Culture Clashes in Europe East and West
Meeting with Agata Pyzik,
author of the latest publication from Zero Books
In discussion with Wendy Bracewell, Federica Mazzara,
Ewa Sidorenko, Dana Dȍmșȍdi
(discussion led by Urszula Chowaniec)
Friday, 16 May 2014, 6-8 pm.
Senior Common Room, 4th floor
UCL School of Slavonic and East European Studies
16 Taviton Street, London WC1H 0BW
Registation
For further details please contact: u.chowaniec@ucl.ac.uk
What’s the East and the West? How do we perceive the East and its transformations? What’s behind post-1989 developments?
Excerpt from the book:
(from the introduction)
AGATA PYZIK
“This book should read like my coming to terms with being from the former East and what it means to me, as well as the discoveriesI made on my way. The typical view of the migrant is that every- thing is better in the new country. For me, a migrant not forced economically, equipped only with cultural capital, I looked at it from the beginning with mixed feelings. In fact, economically the contemporary West has never had so much in common with the East as it does now. Our economies may differ in scale, and though Polish propagandists like to imagine that in the near future they’ll overtake the UK, the British economy is still 70% bigger than the Polish – but in the current critical state they all function more similarly than before. This is the world of post-Fordism, a stream of cheap labor, flowing from one country to another, all equally fucked despite differences. It is perhaps this disgust with what the West did with all its opportunities, political chances, stock and philosophy that motivates this book.

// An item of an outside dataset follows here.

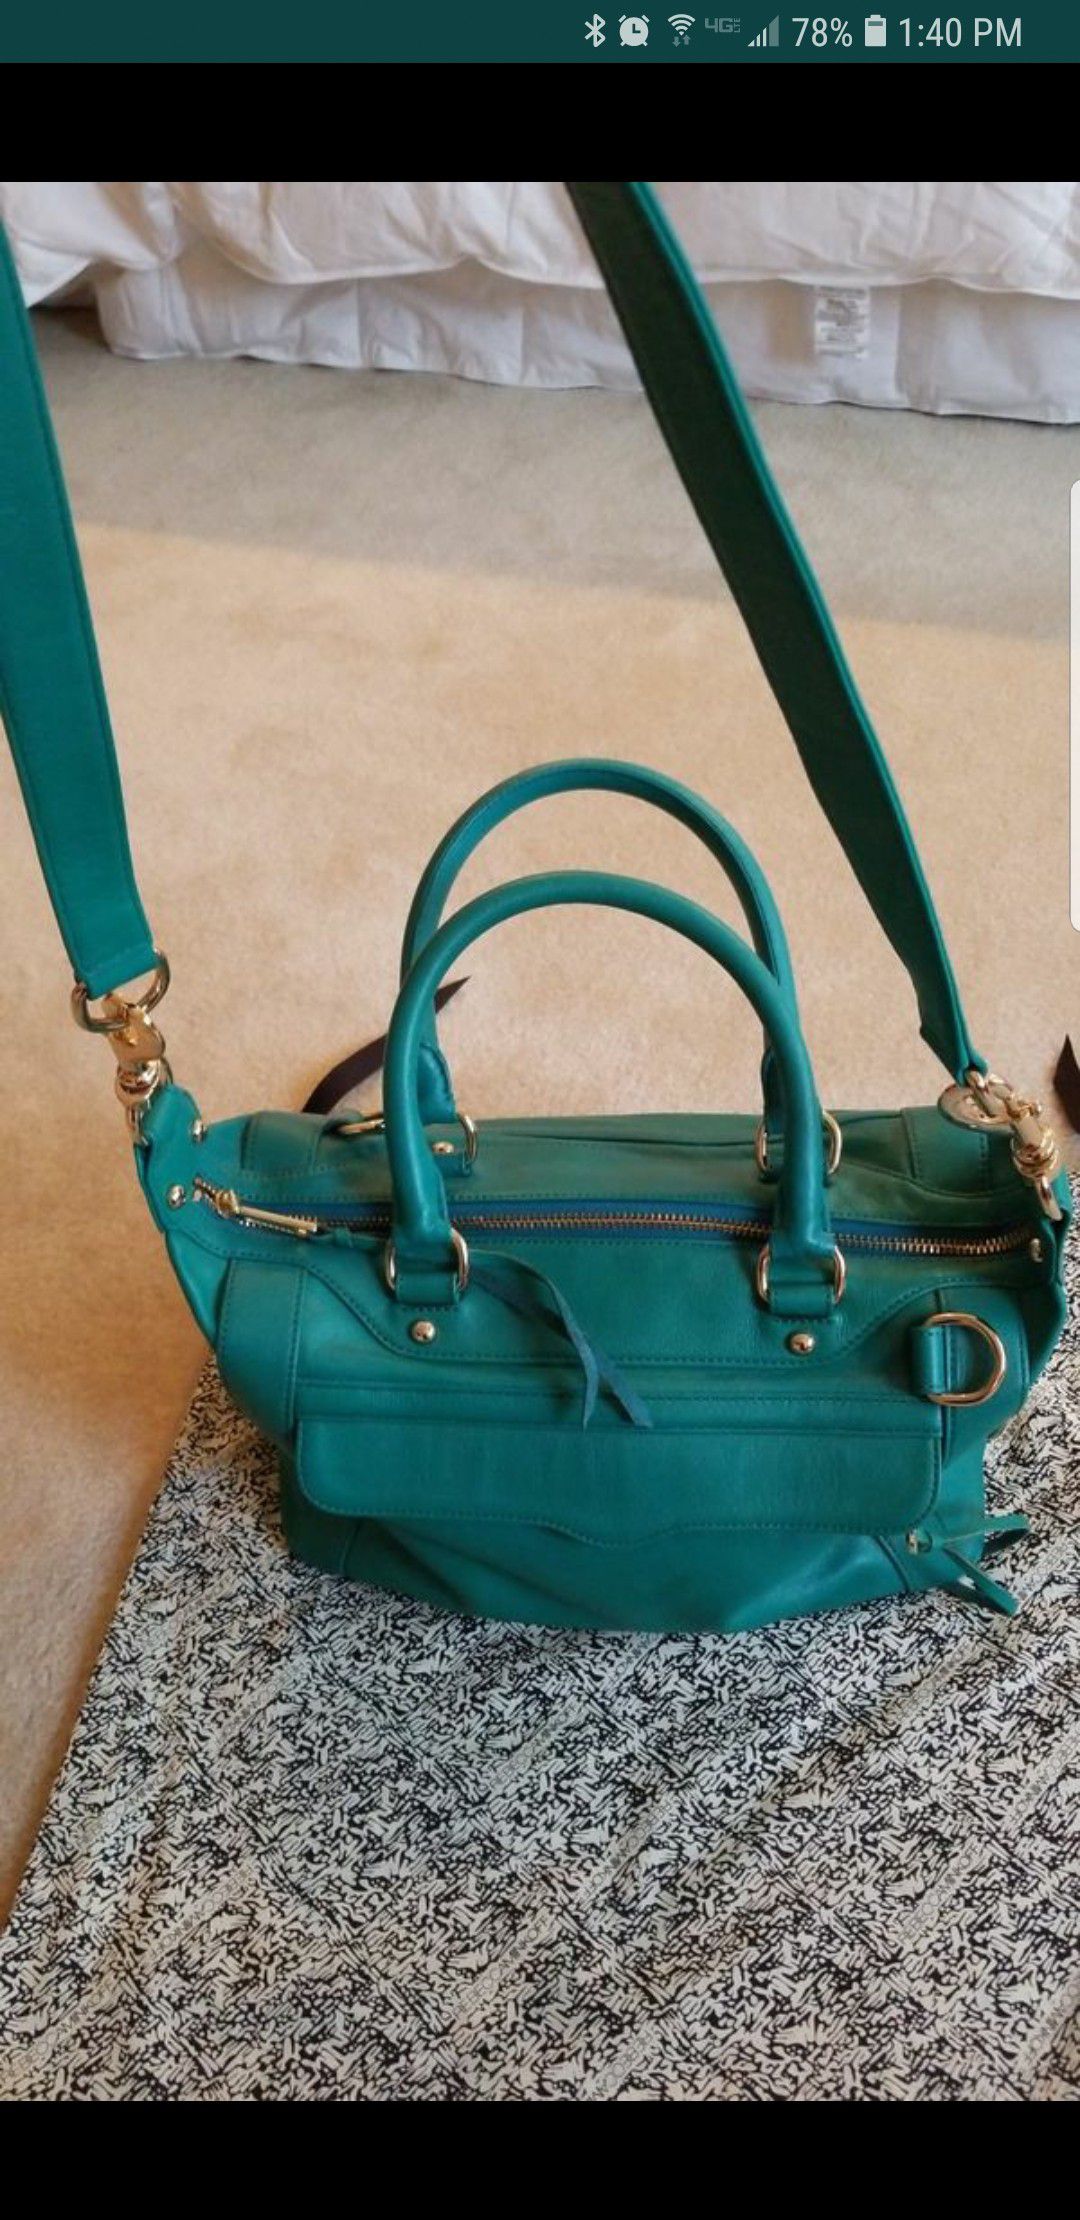 Rebecca Minkoff Embroidered Bag Strap for Sale in Fairfield, CA - OfferUp

Those years between 1945 and 1989 require a living and lived cultural history, where personal engagement and experience is not a curse, but a value. Many memoirs and accounts have been produced since the dissolution of the Soviet Bloc, and mine wants simply to ask the question – where are we now, after 23 years? If the Soviet Union 23 years into its existence wasn’t called post-tsarist, why are we still defined as “post-communist”, and why is it relevant? Did history take a slower pace, or was it finished, as Fukuyama said, after 1989?”